At the meeting, we were told about the new 10-series processor (more below) and introduced to people who were using the current products (8-series) for their HPC needs. The performance and scope of applications is quite remarkable. If you head over to the CUDA Zone, you can get a feel for the types of applications and speed-ups that are possible. Keep in mind this is over the last 12 months. While the hardware and software aspects are very interesting, something else grabbed my interest, something familiar. In talking with some of the end users, a common theme developed.
In most cases, some one became curious about the power that might exist in their video card. They set out on their own, at home or in their office and ported a portion of their code to CUDA. After what they described as minimal effort, they started to see speed-ups of 5-10 times (maybe more). Convinced they were on to something, they did more porting and in some cases managed to achieve remarkable speed-ups. At this point, they were able to convince their colleagues that GPU processing actually worked.
All of this sounds very familiar to the great cluster disruption. Take a look at the enabling factors list above. Like clusters, the cost to get in the game is minimal. There are over 70 million CUDA enabled GPUs sitting in workstations out there. If you don’t have one, a the cost of a basic GeForce video card was less than $100. As for the software, it is freely available. NVidia, quite wisely, makes the CUDA C compiler available at no cost (and with no registration hassles). It is essentially the same cluster recipe, a low (or no) cost of entry, a possible big pay-off, and some spare time.

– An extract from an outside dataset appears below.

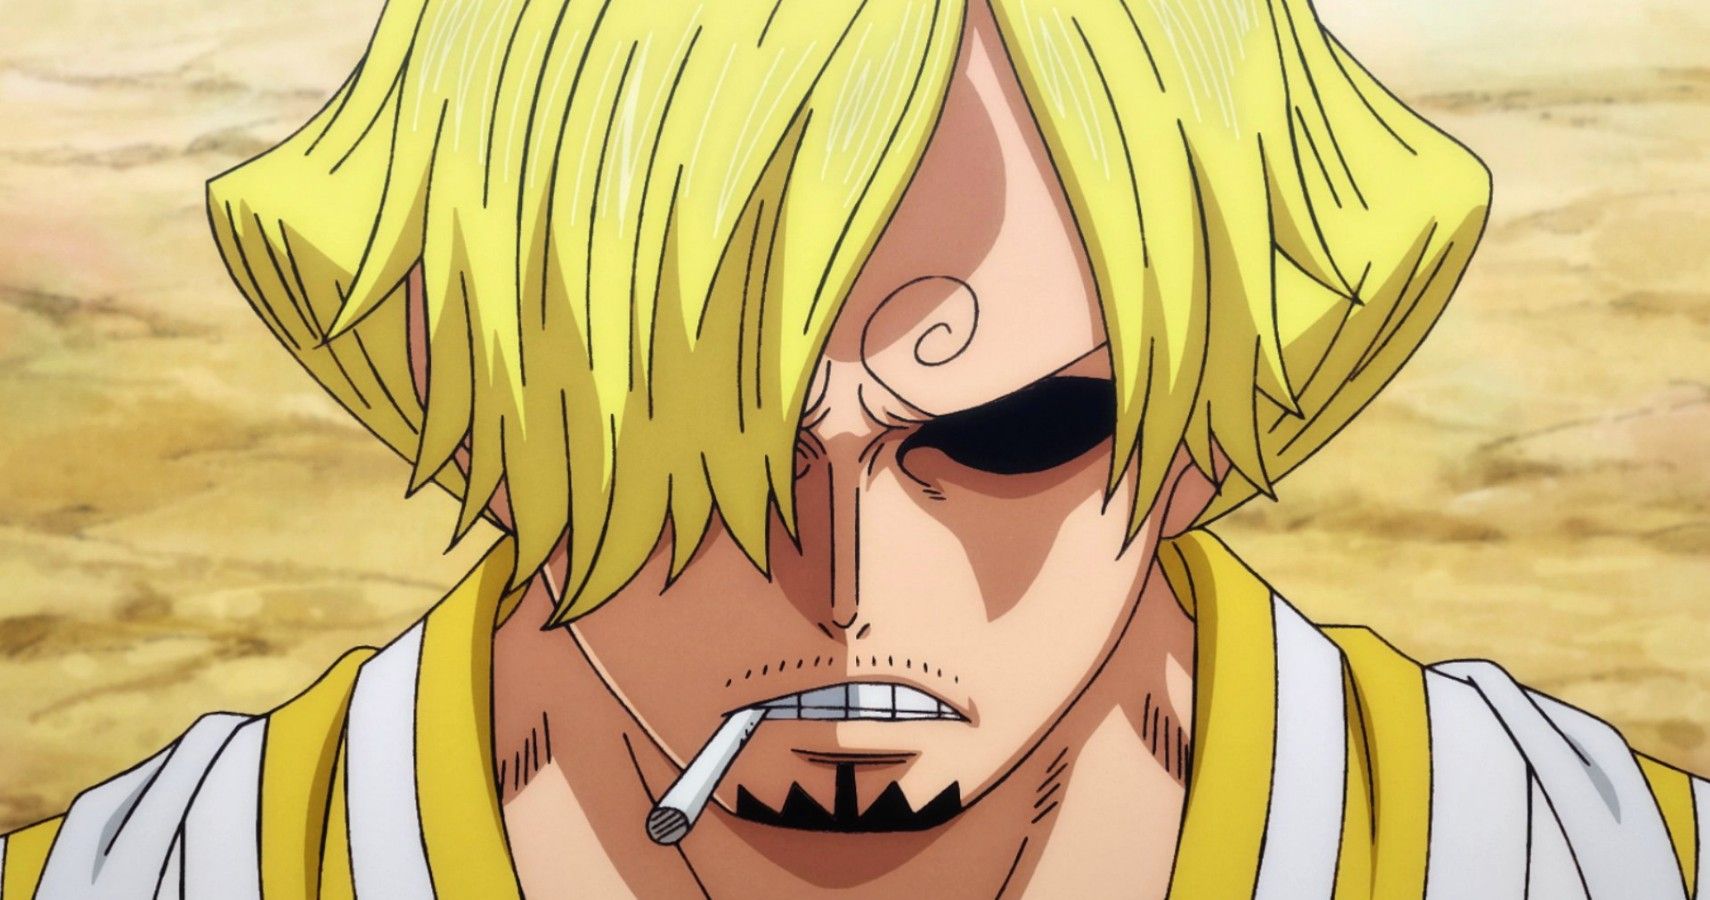 One Piece Sanjis 10 Best Moves Ranked According To Strength.

Should you sell your clusters on EBay and buy video cards? Maybe not yet. We could be at the beginning of another paradigm shift, but we must keep our head about us. GPU computing is best classified as “predictable” computing where the computational flow is well known in advance (i.e. a matrix multiplication). Not all applications fit into this area. Second, current GPU processors use single precision (32 bit). This level of precision can work for many applications, but has kept other applications in the feasibility category. The recently announced 10-series GPU does include support for double precision, as will all future NVidia GPU hardware. Third, most HPC users do not want to port code particularly if it is for a specific hardware architecture. Fortunately CUDA can be applied in top down fashion and does not normally require a huge rewrite. Finally, scaling beyond a single GPU is the gleam in many HPC users eye. As always, it all comes down to software. Programmers have found CUDA to be a good abstraction layer for HPC and if it grows beyond the GPU and scales across multiple nodes things may get really interesting.
There is plenty more to talk about. In the future, I’ll be taking a closer look at CUDA and the new NVidia hardware. Just to pique your interest, the new 10-series (Tesla) cards will provide up to 4 GB of on-board RAM, one TFLOPS of single precision performance, double precision support, and 240 on-board processors. Combine this new hardware with the army of existing CUDA developers out there and one might even get a sense of “Deja Vu all over again.” Can you feel it?
Next week I’ll get back on track continuing my discussion on parallel programming, but now I have to answer the door. The deliver guy has my new GeForce video card. Funny thing is, I’m putting it in a system that does not have a monitor. Go figure.